One patient died due to surgical complications, and three patients were lost to follow-up. The dead patient has undergone three operations previously and RT and chemotherapy history. He underwent the fourth operation for debulking and died of brain extensive cerebral ischemia due to continuing low blood pressure during operation, related to the patient’s poor base performance status. The remaining 163 patients (derivation group, 109 patients; validation group, 54 patients) were regularly followed up with a mean time of 18.7 months (derivation group, 23.7 months; validation group, 8.4 months) (range, 2–39 months). Seventy-five (46.0%) patients [derivation group, 65 (59.6%) patients; validation group, 10 (18.5%) patients] suffered from tumor progression or recurrence and 25 (15.3%) patients [derivation group, 24 (22.0%) patients; validation group, 1 (1.9%) patients] died during the follow-up.

Discussion

The incidence of SBCs is extremely low, and its mortality and recurrence rate remain high. Surgical treatment is the initial and indispensable treatment for SBCs. The resection quality is associated with the patients’ long-term outcomes (15). However, to our knowledge, only limited studies with a relatively large patient number reported the surgical experience and outcomes (3, 7, 1619). Given their ideal midline location and ventral to the skull base dura mater (2), SBCs are increasingly treated through EES with the development of neuroendoscopic instruments, surgical experience acquisition, and surgical technique advancement (2023). During the present study, three patients underwent open surgeries in 2018 and 2019, and one patient experienced a staged craniotomy after EES in 2020. The EES contributes to a high tumor removal and symptom control rate, with low morbidity and high quality of life (2). In our opinion, further improvement of the surgical resection extent and safety is the focus of EES. However, the learning curve is remarkable in EES (2, 19). Previous studies (2, 7, 9) included the patients during a relatively long period; therefore, the learning curve significantly impacted tumor resection (20). Our group started EES in 1998 and has extensive SBC surgical experience (9). Only the SBC patients treated from 2018 to 2020 were included in the present study; hence, the impact of the learning curve was minimized. Furthermore, the adjuvant equipment (such as intraoperative Doppler, neuronavigation, and neuromonitoring) and materials for skull base reconstruction (such as collagen graft and iodoform gauze) did not change in the last 3 years and had no impact on the surgery. Therefore, the present study is suitable for exploring the relationship between surgical strategy and resection rate.

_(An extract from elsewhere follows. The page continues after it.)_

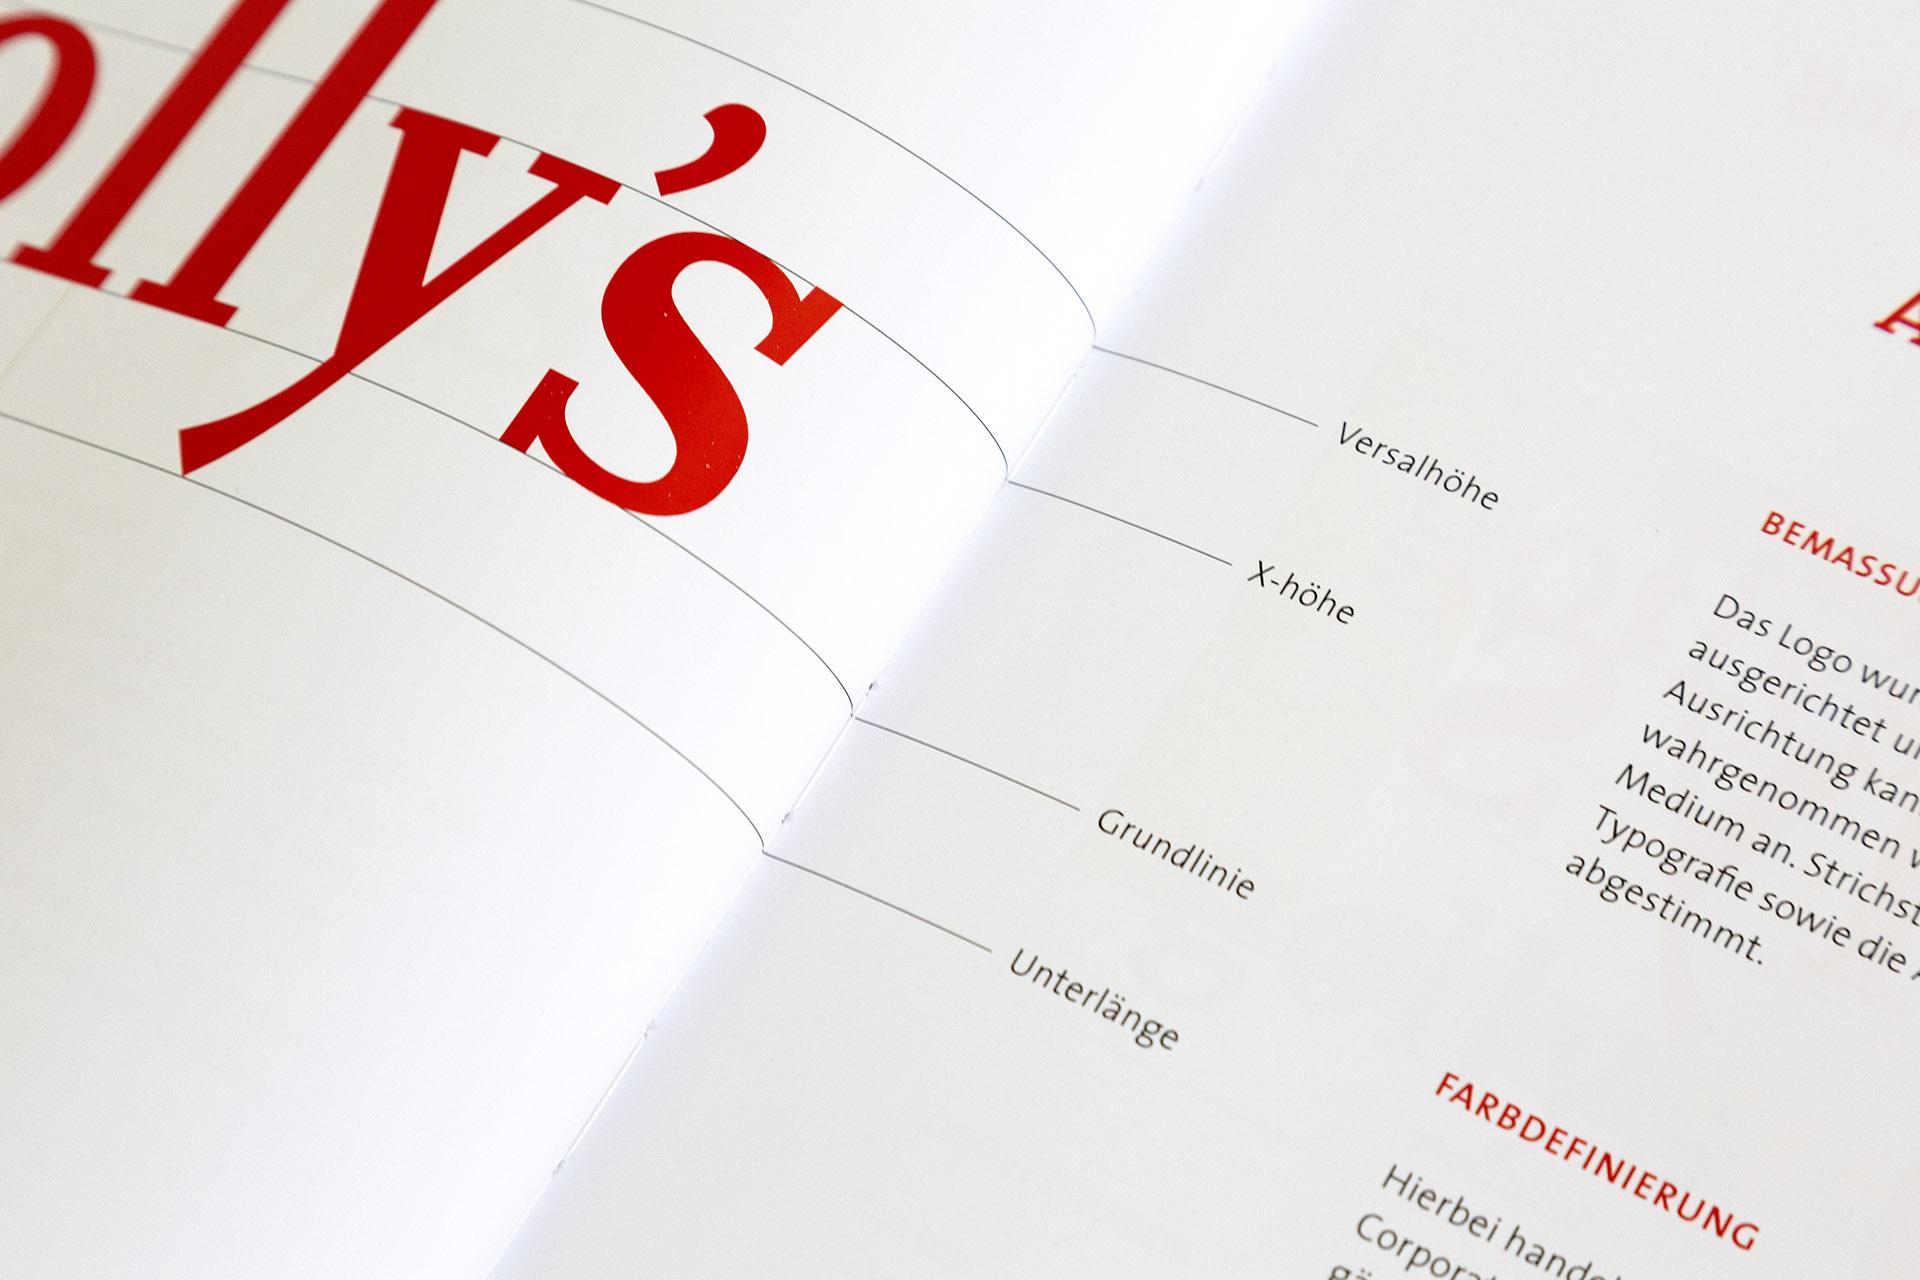 Design-Manual, Gollys, Design, Fleischspezialitäten, Auckz, Münster, Bennet, Grüttner
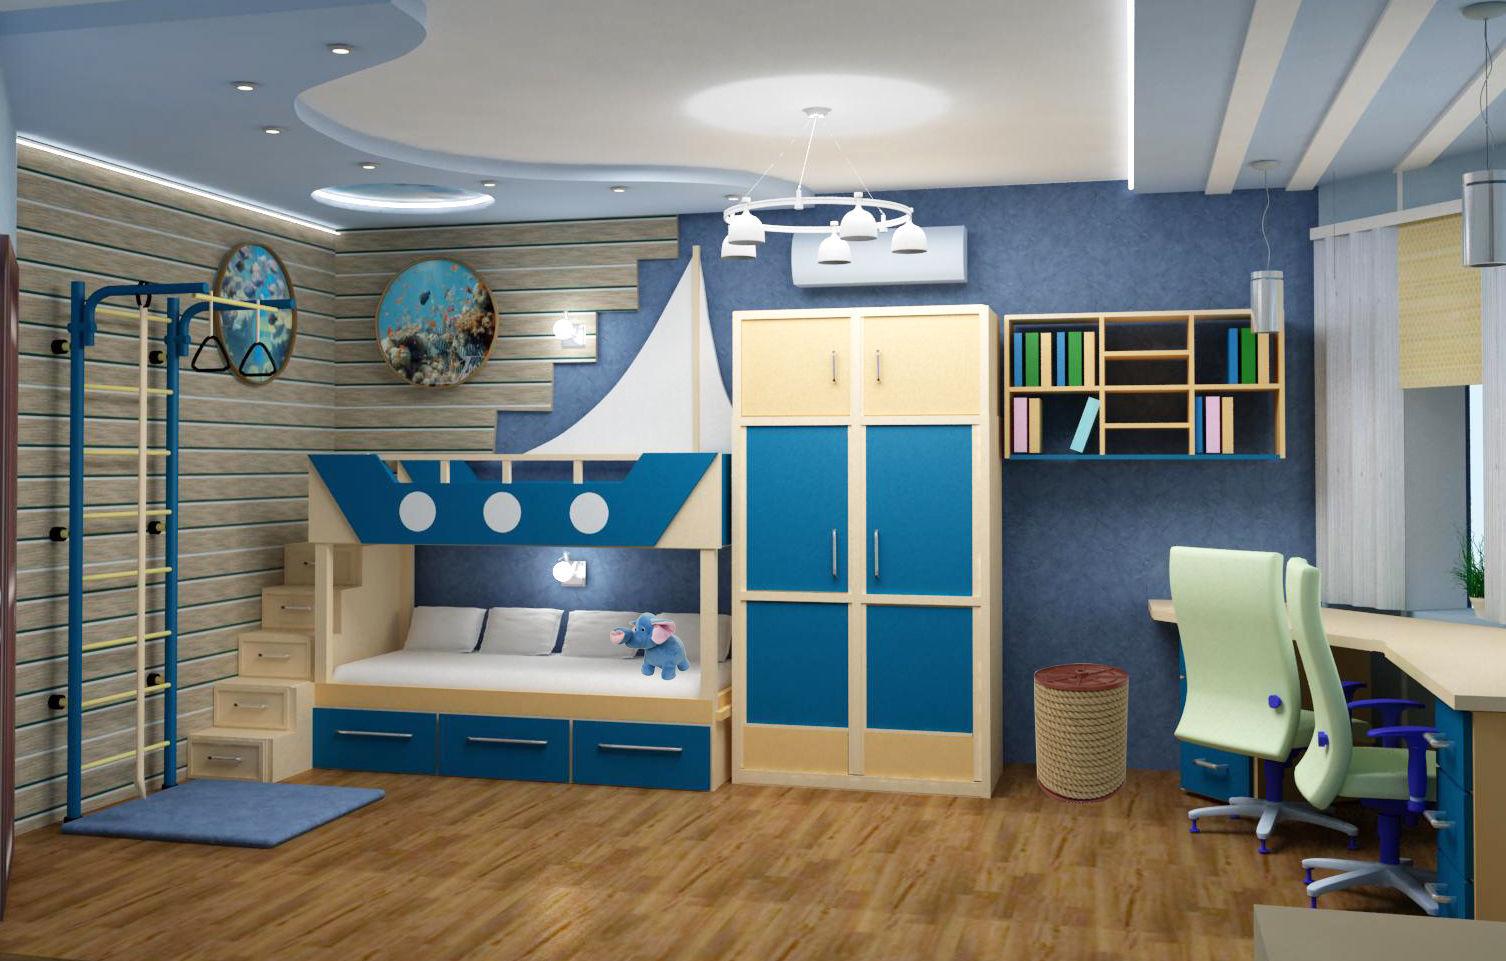 функциональный интерьер детской комнаты для мальчиков фото

Several classifications of SBCs have been proposed to guide the operation or judge the prognosis. Based on open surgery experience and SBCs’ extension patterns, Amelfty et al. proposed a surgical classification to clarify the best microsurgical approach (5). At the same time, EES was beginning to be used to resect SBC (24). However, EES has rapidly increased in SBC surgeries in recent years, and EES can access cervical 2 as the most inferior limit of dissection; the microsurgical classification cannot direct EES anymore. In 2014, Fernandez-Miranda et al. described the EES treating SBCs according to dividing clivus into three parts (i.e., upper clivus, mid-clivus, and lower clivus) (6).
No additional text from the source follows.